In order to support crash-upgrade from MariaDB 10.2, we will keep
the logic for parsing and applying the extra log files, but we will
no longer generate those files in TRUNCATE TABLE.

A prerequisite for crash-safe TRUNCATE is a crash-safe RENAME TABLE
(with full redo and undo logging and proper rollback). This will
be implemented in MDEV-14717.

ha_innobase::truncate(): Invoke RENAME, create(), delete_table().
Because RENAME cannot be fully rolled back before MariaDB 10.3
due to missing undo logging, add some explicit rename-back in
case the operation fails.

ha_innobase::delete(): Introduce a variant that takes sqlcom as
a parameter.
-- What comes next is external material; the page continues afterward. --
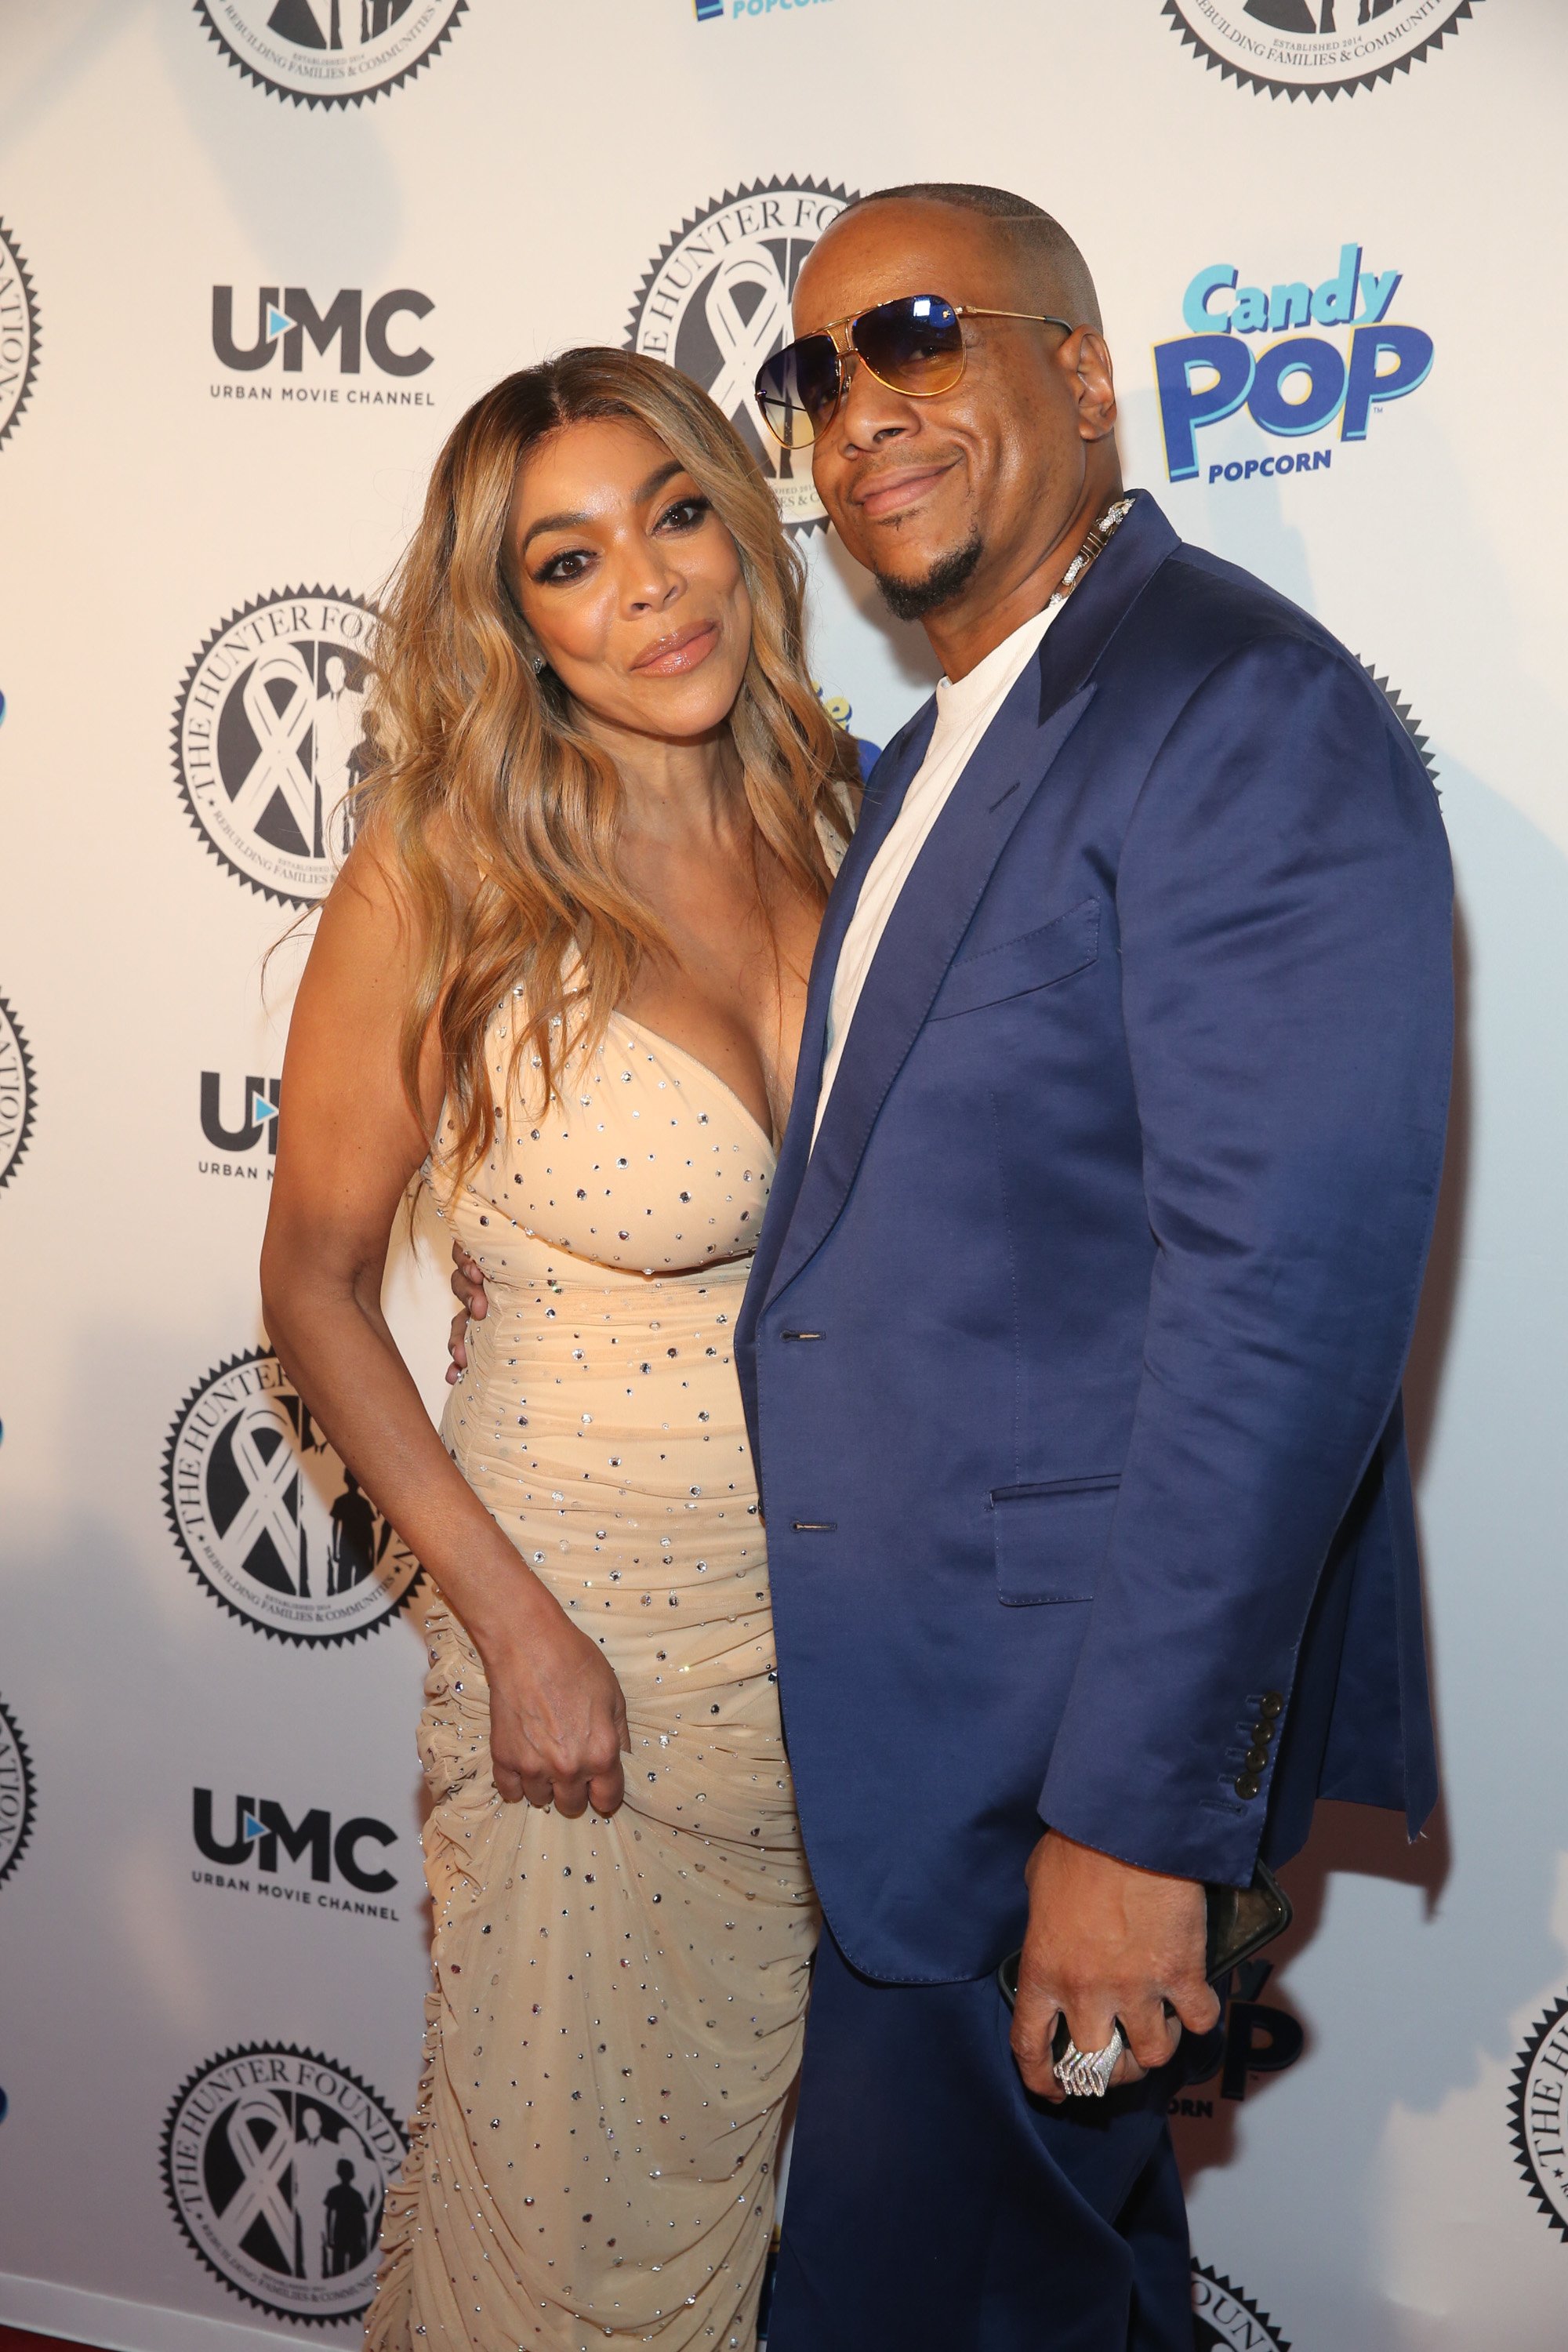 Wendy Williams and Kevin Hunter at The Hunter Foundation gala on July 18, 2018 at the Hammerstein Ballroom in New York. | Source: Getty Images

In TRUNCATE TABLE, we do not want to touch any
FOREIGN KEY constraints.

ha_innobase::create(): Add the parameters file_per_table, trx.
In TRUNCATE, the new table must be created in the same transaction
that renames the old table.

create_table_info_t::create_table_info_t(): Add the parameters
file_per_table, trx.

row_drop_table_for_mysql(): Replace a bool parameter with sqlcom.
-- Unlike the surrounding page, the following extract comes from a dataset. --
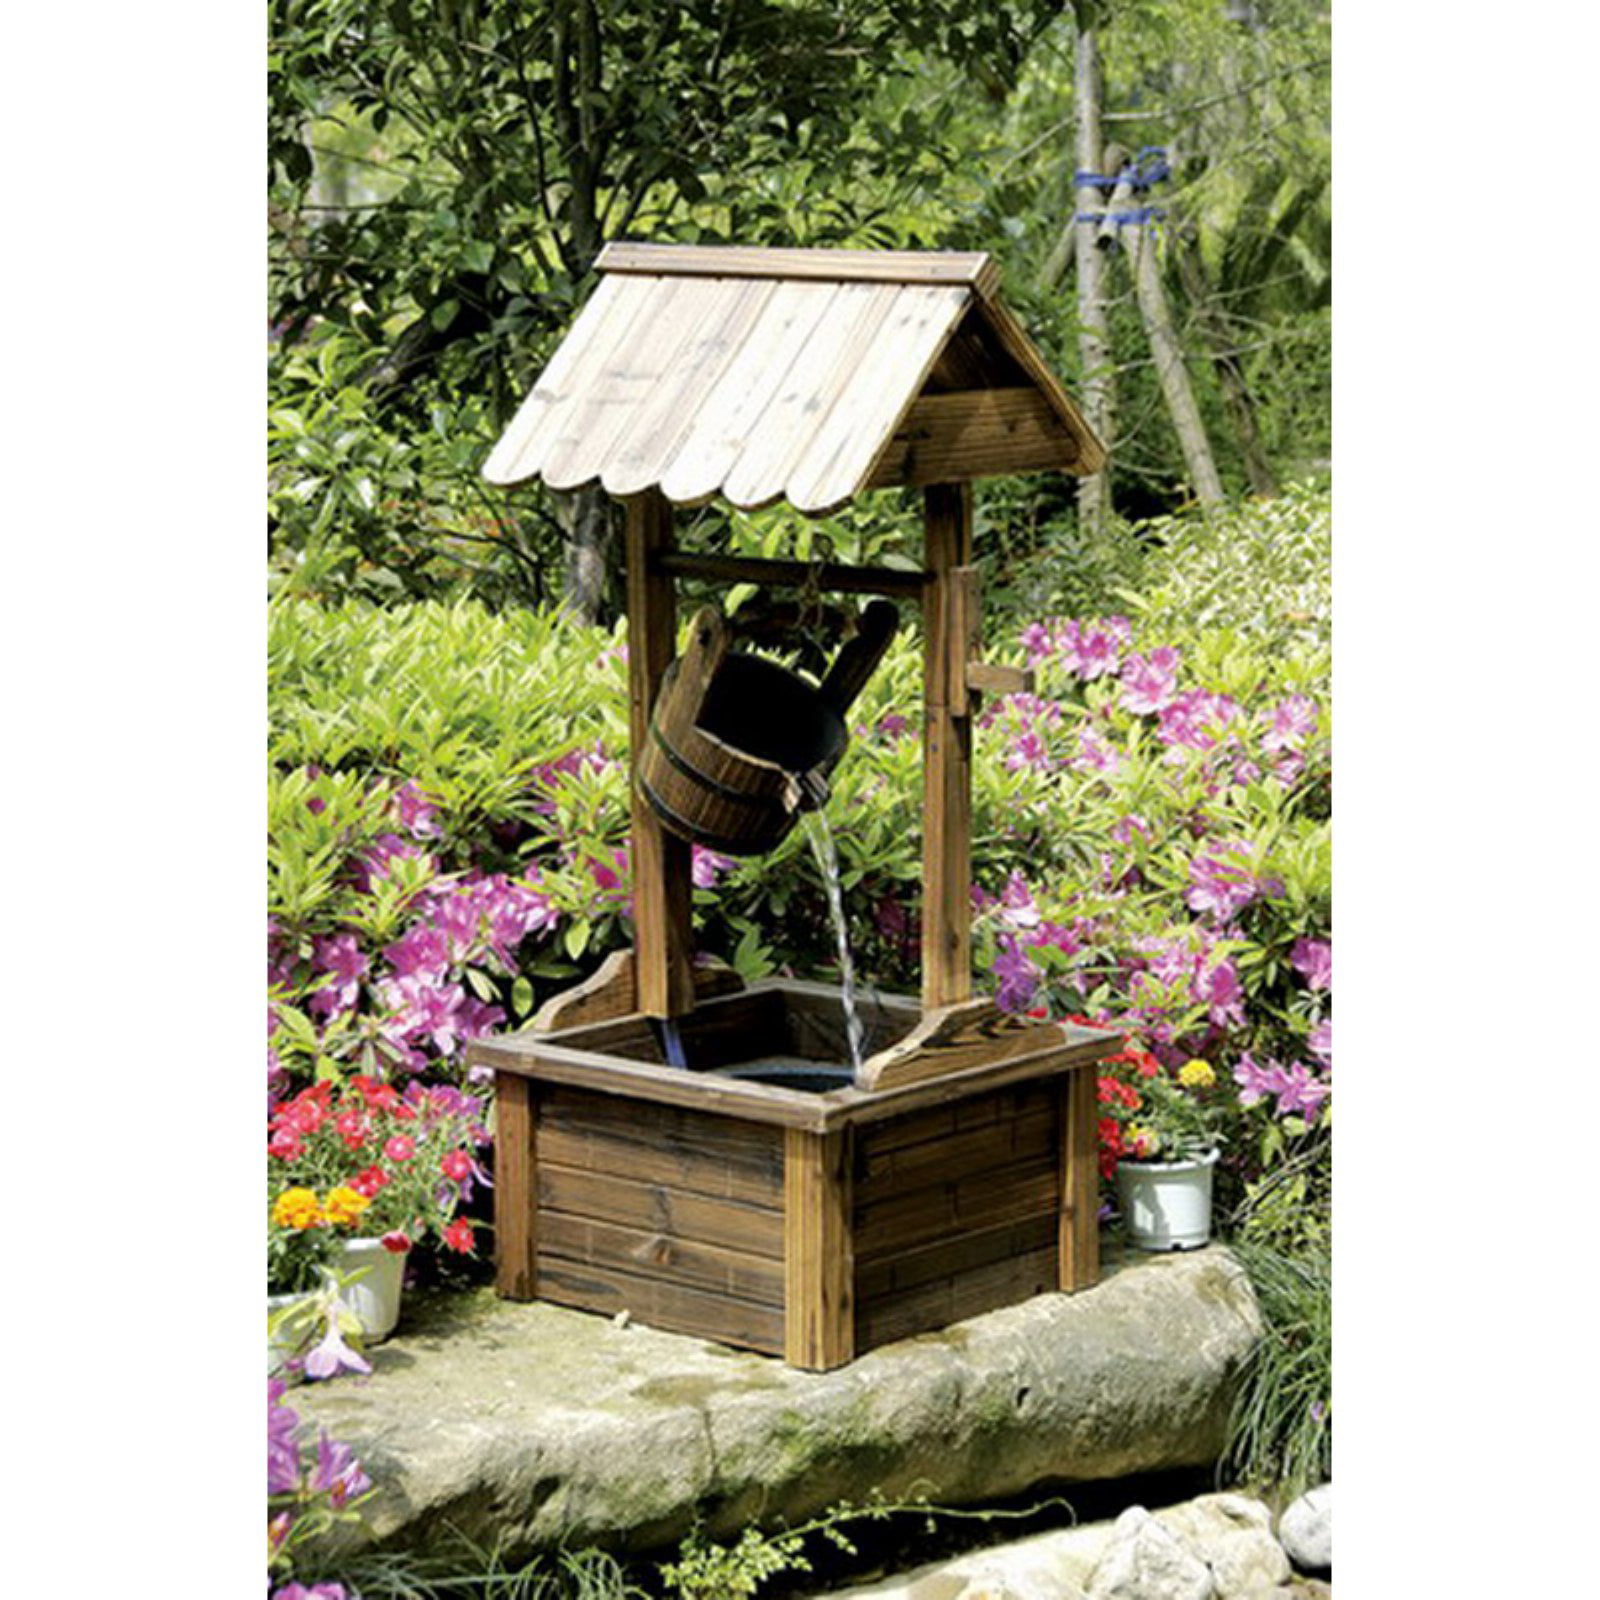 Wishing Well Water Feature Garden Ornament Large 69cm Tall NEW by Serenity

row_drop_table_after_create_fail(): New function, wrapping
row_drop_table_for_mysql().

dict_truncate_index_tree_in_mem(), fil_truncate_tablespace(),
fil_prepare_for_truncate(), fil_reinit_space_header_for_table(),
row_truncate_table_for_mysql(), TruncateLogger,
row_truncate_prepare(), row_truncate_rollback(),
row_truncate_complete(), row_truncate_fts(),
row_truncate_update_system_tables(),
row_truncate_foreign_key_checks(), row_truncate_sanity_checks():
Remove.

row_upd_check_references_constraints(): Remove a check for
TRUNCATE, now that the table is no longer truncated in place.

The new test innodb.truncate_foreign uses DEBUG_SYNC to cover some
race-condition like scenarios. The test innodb-innodb.truncate does
not use any synchronization.

We add a redo log subformat to indicate backup-friendly format.
MariaDB 10.4 will remove support for the old TRUNCATE logging,
so crash-upgrade from old 10.2 or 10.3 to 10.4 will involve
limitations.

== Undo tablespace truncation ==

MySQL 5.7 implements undo tablespace truncation. It is only
possible when innodb_undo_tablespaces is set to at least 2.
The logging is implemented similar to the WL#6501 TRUNCATE,
that is, using separate log files and a redo log checkpoint.
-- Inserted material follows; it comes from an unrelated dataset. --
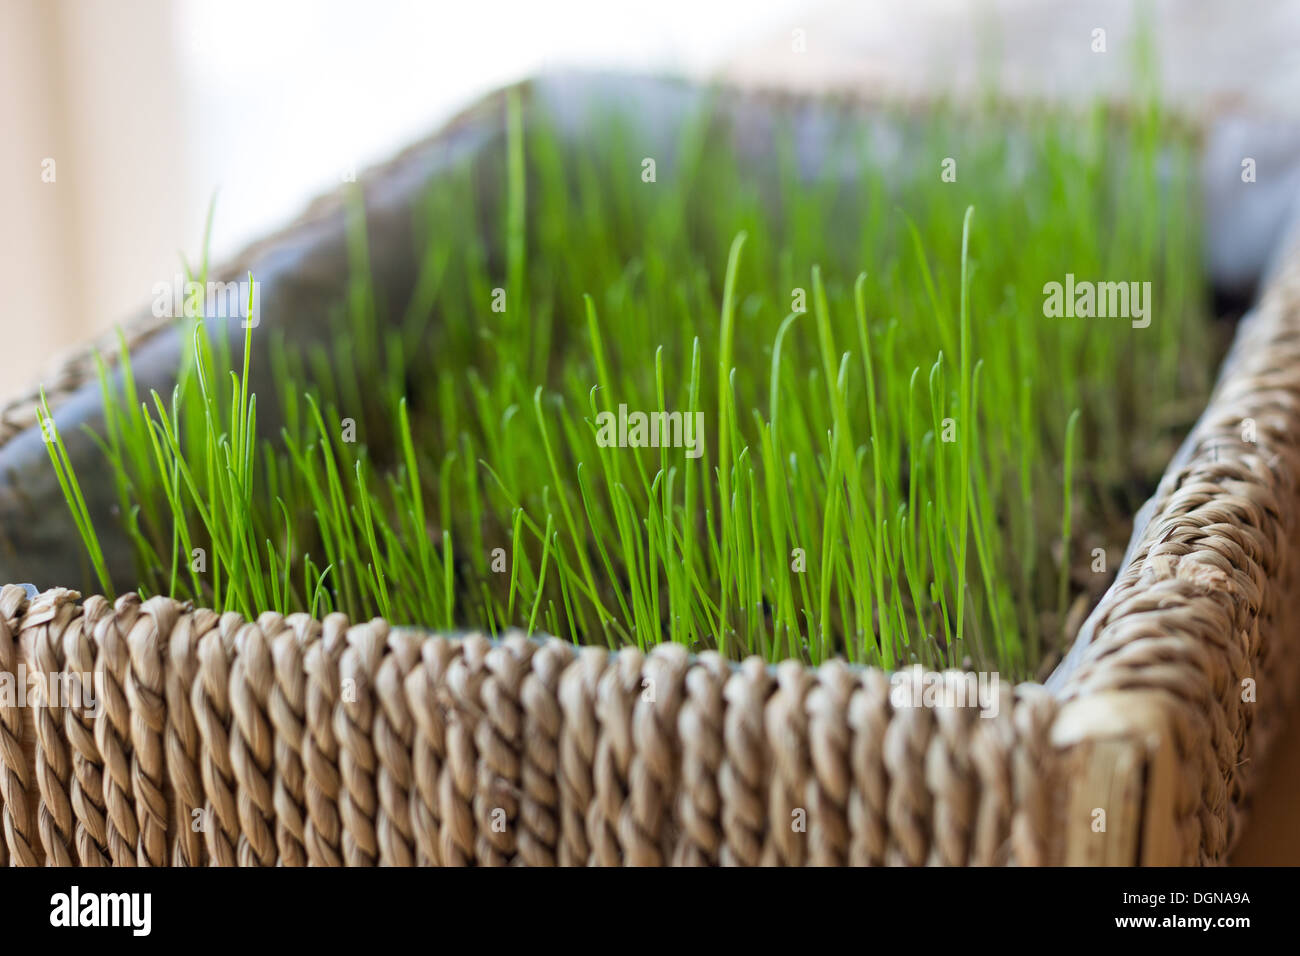 Closeup of traditional Nordic Easter grass in a basket Stock Photo

We can simply implement undo tablespace truncation within
a single mini-transaction that reinitializes the undo log
tablespace file. Unfortunately, due to the redo log format
of some operations, currently, the total redo log written by
undo tablespace truncation will be more than the combined size
of the truncated undo tablespace. It should be acceptable
to have a little more than 1 megabyte of log in a single
mini-transaction. This will be fixed in MDEV-17138 in
MariaDB Server 10.4.

recv_sys_t: Add truncated_undo_spaces[] to remember for which undo
tablespaces a MLOG_FILE_CREATE2 record was seen.

namespace undo: Remove some unnecessary declarations.

fil_space_t::is_being_truncated: Document that this flag now
only applies to undo tablespaces. Remove some references.

fil_space_t::is_stopping(): Do not refer to is_being_truncated.
This check is for tablespaces of tables. Potentially used
tablespaces are never truncated any more.

buf_dblwr_process(): Suppress the out-of-bounds warning
for undo tablespaces.

fil_truncate_log(): Write a MLOG_FILE_CREATE2 with a nonzero
page number (new size of the tablespace in pages) to inform
crash recovery that the undo tablespace size has been reduced.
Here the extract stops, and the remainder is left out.